Chemical formula: C₁₇H₂₂I₃N₃O₈  Molecular mass: 777.085 g/mol  PubChem compound: 65492

Pregnancy

X-ray examination of women should if possible be conducted during the preovulation phase of the menstrual cycle and should be avoided during pregnancy; also, since it has not been demonstrated that iopamidol is safe for use in pregnant women, it should be administered only if the procedure is considered essential by the physician. Apart from radiation exposure of the foetus, benefit-risk consideration for iodine containing contrast agents should also take into account the sensitivity of the foetal thyroid towards iodine.

There are no or a limited amount of data from the use of iopamidol in pregnant women. Animal studies do not indicate direct or indirect harmful effects with respect to reproductive toxicity. As a precautionary measure, it is preferable to avoid the use of iopamidol solution during pregnancy.

Nursing mothers

Iodine-containing X-ray contrast agents are excreted into the breast milk in low amounts. From animal experience, iopamidol is non toxic in animals after oral administration. From experience gained so far, harm to the nursing infant is unlikely to occur. Stopping breastfeeding is unnecessary.

Carcinogenesis, mutagenesis and fertility

Fertility

No effects on fertility are anticipated due to the low absorption of iopamidol from the gastrointestinal tract following oral or rectal administration.

Reproduction studies performed in animals with Iopamidol administered parenterally revealed no evidence of impaired fertility. No studies have been performed in women.

Effects on ability to drive and use machines

There is no known effect on the ability to drive and operate machines. However, because of the risk of early reactions, driving or operating machinery is not advisable for one hour following the last intravascular injection.

Driving or operating machinery is not advisable for 6 hours following intrathecal administration.

Adverse reactions


The use of iodinated contrast media may cause untoward side effects. They are usually mild to moderate and transient in nature. However, severe and life threatening reactions sometimes leading to death have been reported.

Anaphylaxis (anaphylactoid reactions/hypersensitivity) may manifest with: mild localized or more diffuse angioneurotic oedema, tongue oedema, laryngospasm or laryngeal oedema, dysphagia, pharyngitis and throat tightness, pharyngolaryngeal pain, cough, conjunctivitis, rhinitis, sneezing, feeling hot, sweating increased, asthenia, dizziness, pallor, dyspnoea, wheezing, bronchospasm, and moderate hypotension.
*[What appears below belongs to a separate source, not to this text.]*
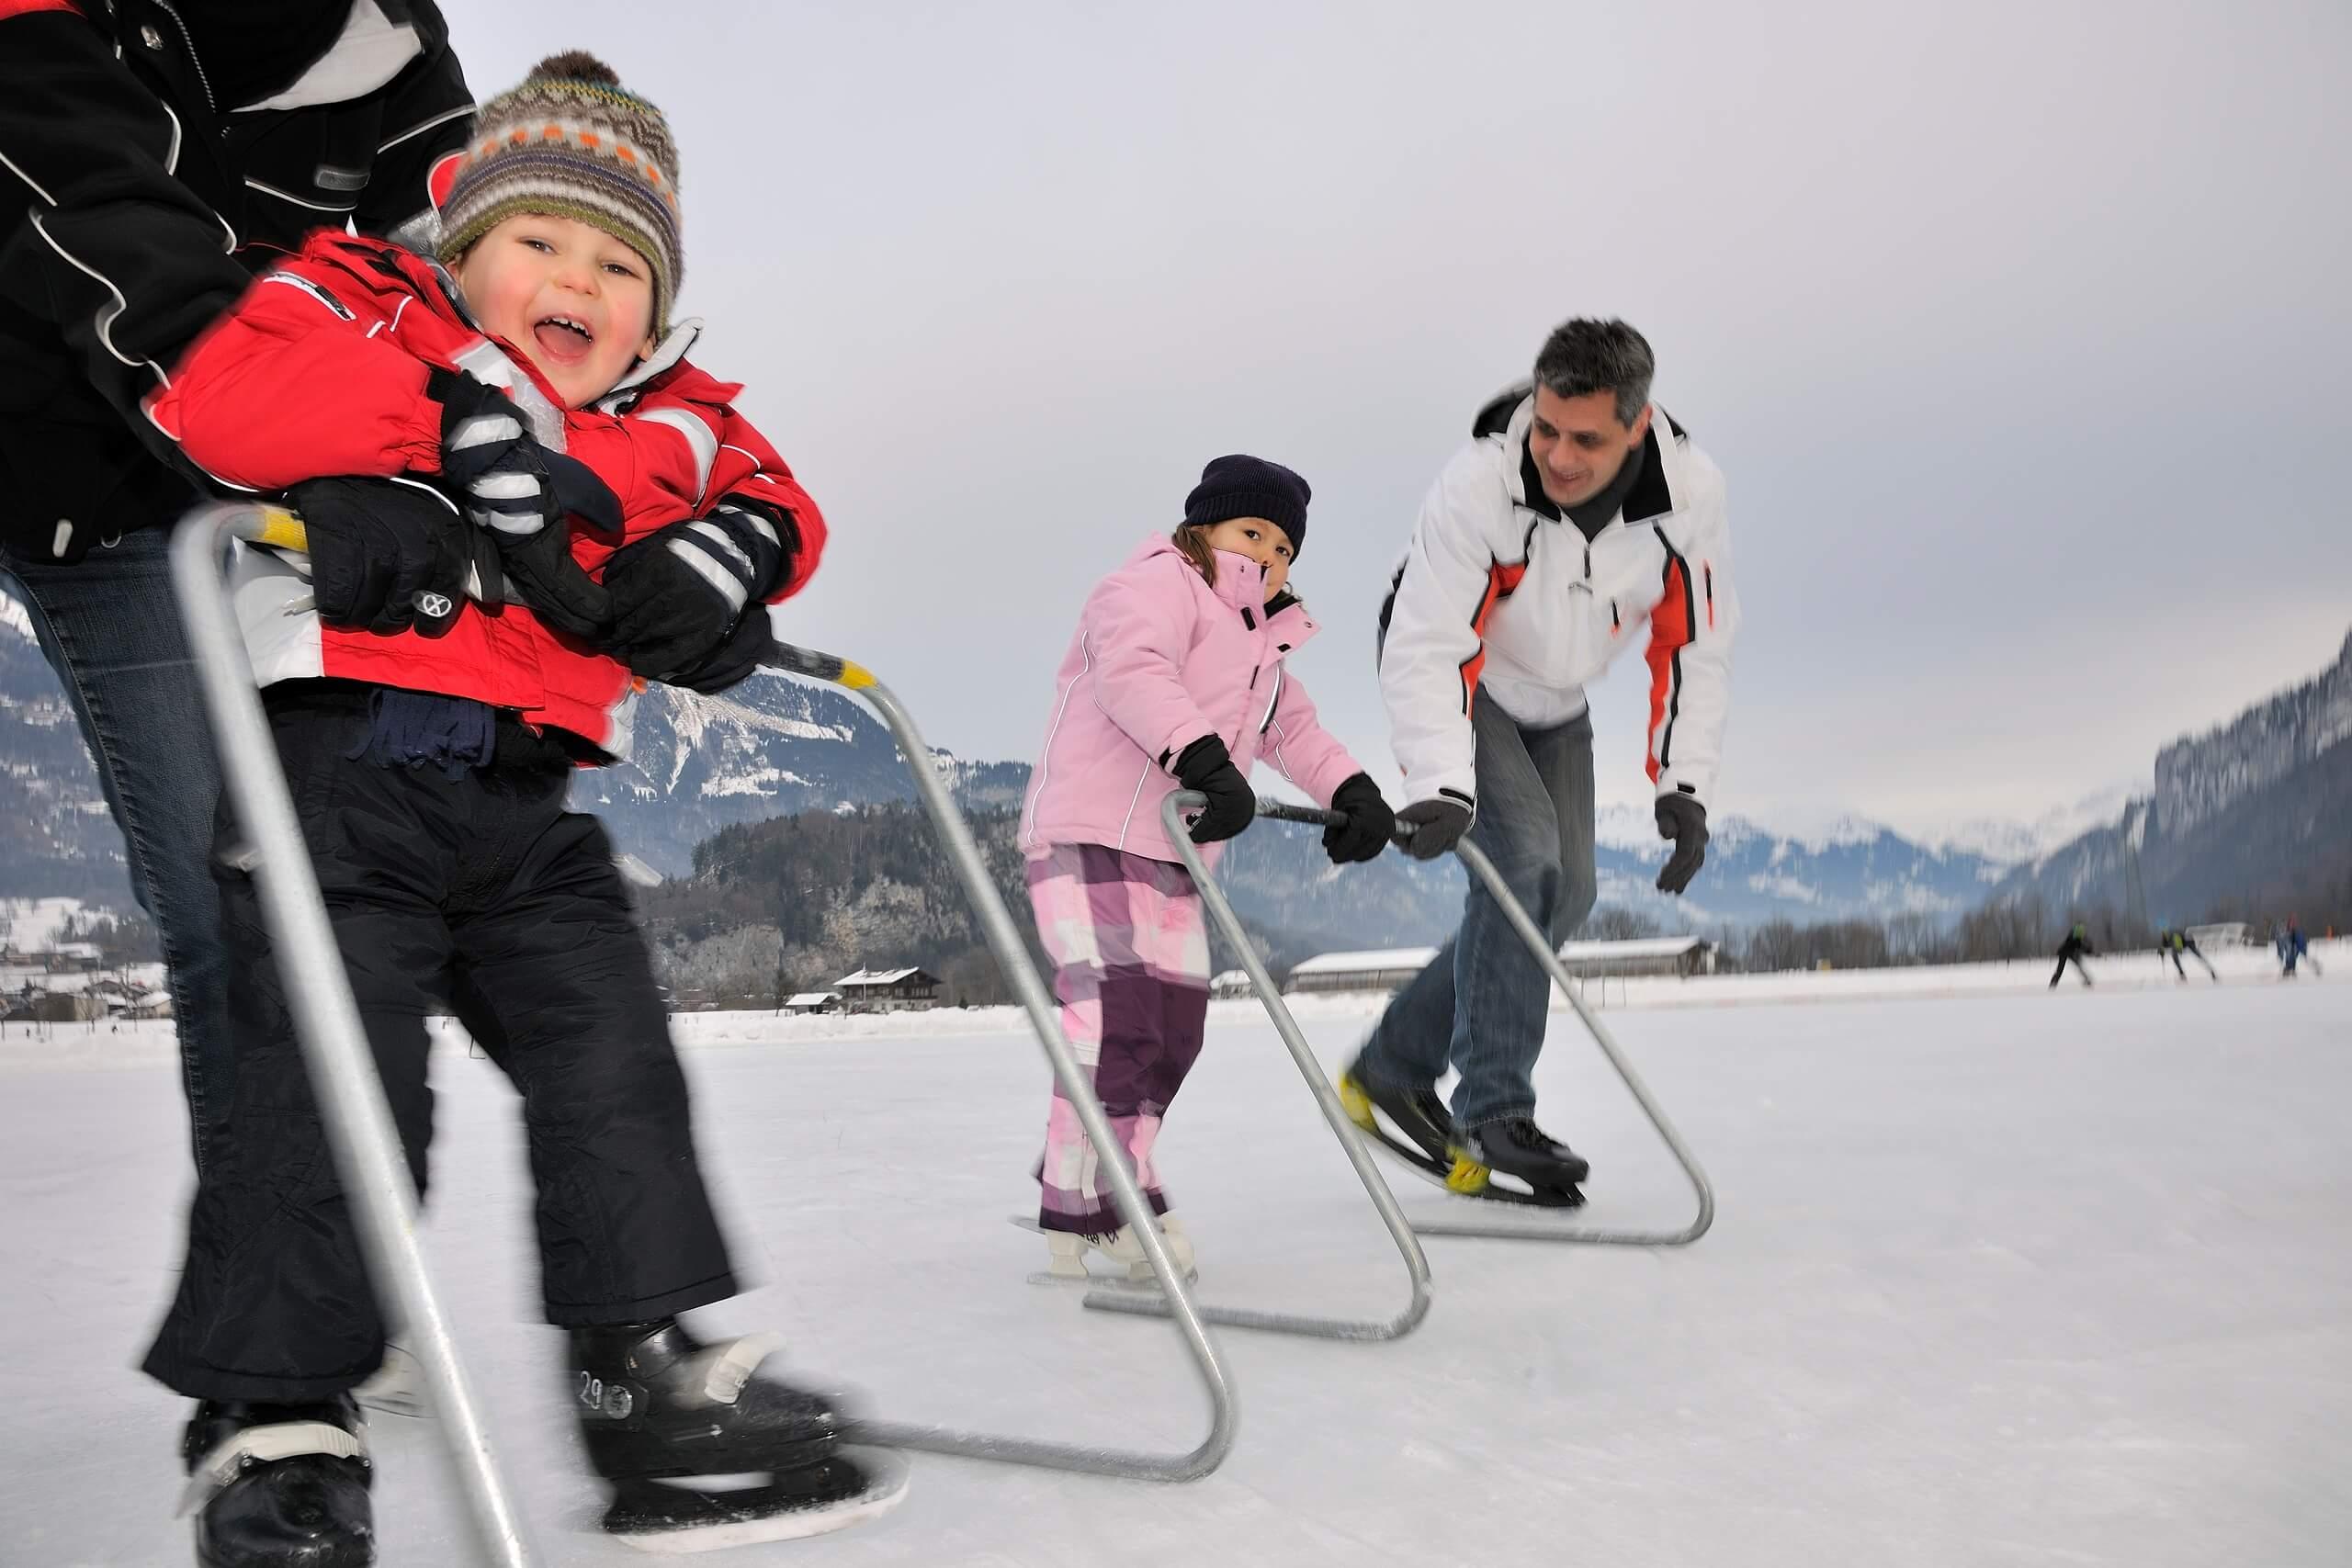 brienz-natureisbahn-kinder-schlittschuhlaufen-winter-hilfen

Skin reactions may occur in the form of various types of rash, diffuse erythema, diffuse blisters, urticaria, and pruritus. These reactions, which occur irrespective of the dose administered and the route of administration, may represent the first signs of incipient state of shock. Administration of the contrast medium must be discontinued immediately and – if necessary – specific treatment initiated via a venous access.

Following intravascular administration, in most cases reactions occur within minutes of dosage. However, delayed reactions, usually involving skin, may occur, mostly within 2-3 days, more rarely within 7 days, after the administration of the contrast medium.
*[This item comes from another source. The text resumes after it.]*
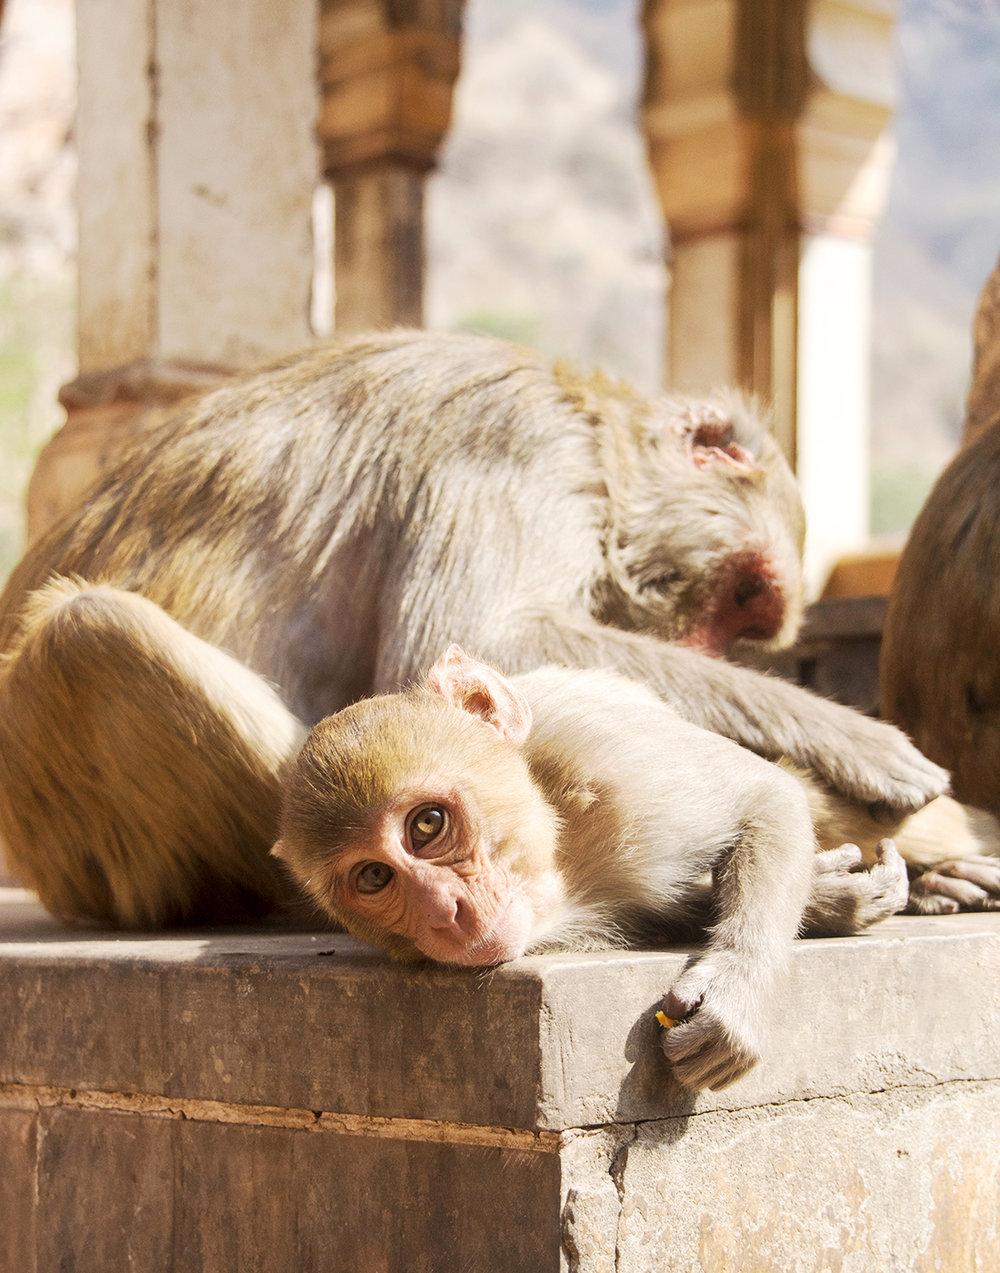 Monkey_Temple_grooming_web2019.jpg

After intrathecal administration, most side effects occur with a delay of some hours due to the slow absorption from the site of administration and distribution to the whole body. Reactions usually occur within 24 hours after injection.

More severe reactions involving the cardiovascular system such as vasodilatation with pronounced hypotension, tachycardia, dyspnoea, agitation, cyanosis and loss of consciousness progressing to respiratory and/or cardiac arrest may result in death. These events can occur rapidly and require full and aggressive cardio-pulmonary resuscitation.
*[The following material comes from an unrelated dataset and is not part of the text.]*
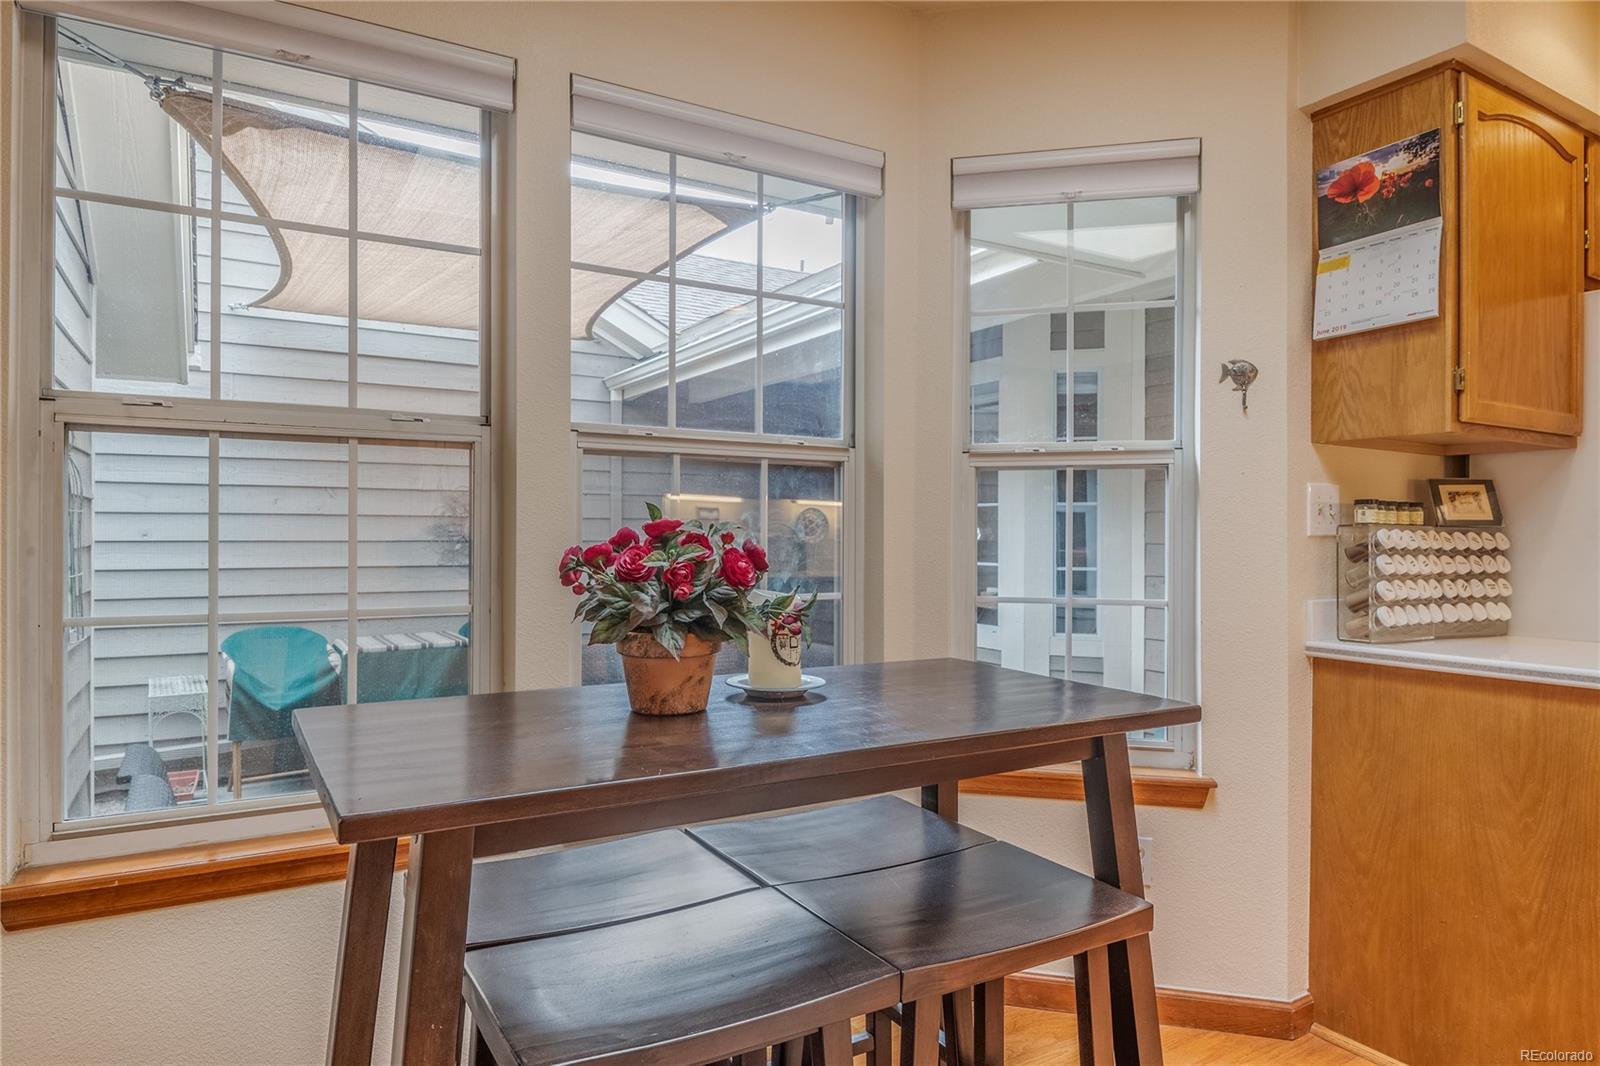 Kitchen Nook - spacious & natural light, Door to Garage

Primary circulatory collapse can occur as the only and/or initial presentation without respiratory symptoms or without other signs or symptoms outlined above.

Intravascular administration–Adults

The adverse reactions are classified by System Organ Class and frequency, using the following convention: Very common (≥1/10), Common (≥1/100 to <1/10), Uncommon (≥1/1,000 to <1/100), Rare (≥1/10,000 to <1/1,000), Very rare (<1/10,000), not known (cannot be estimated from the available data).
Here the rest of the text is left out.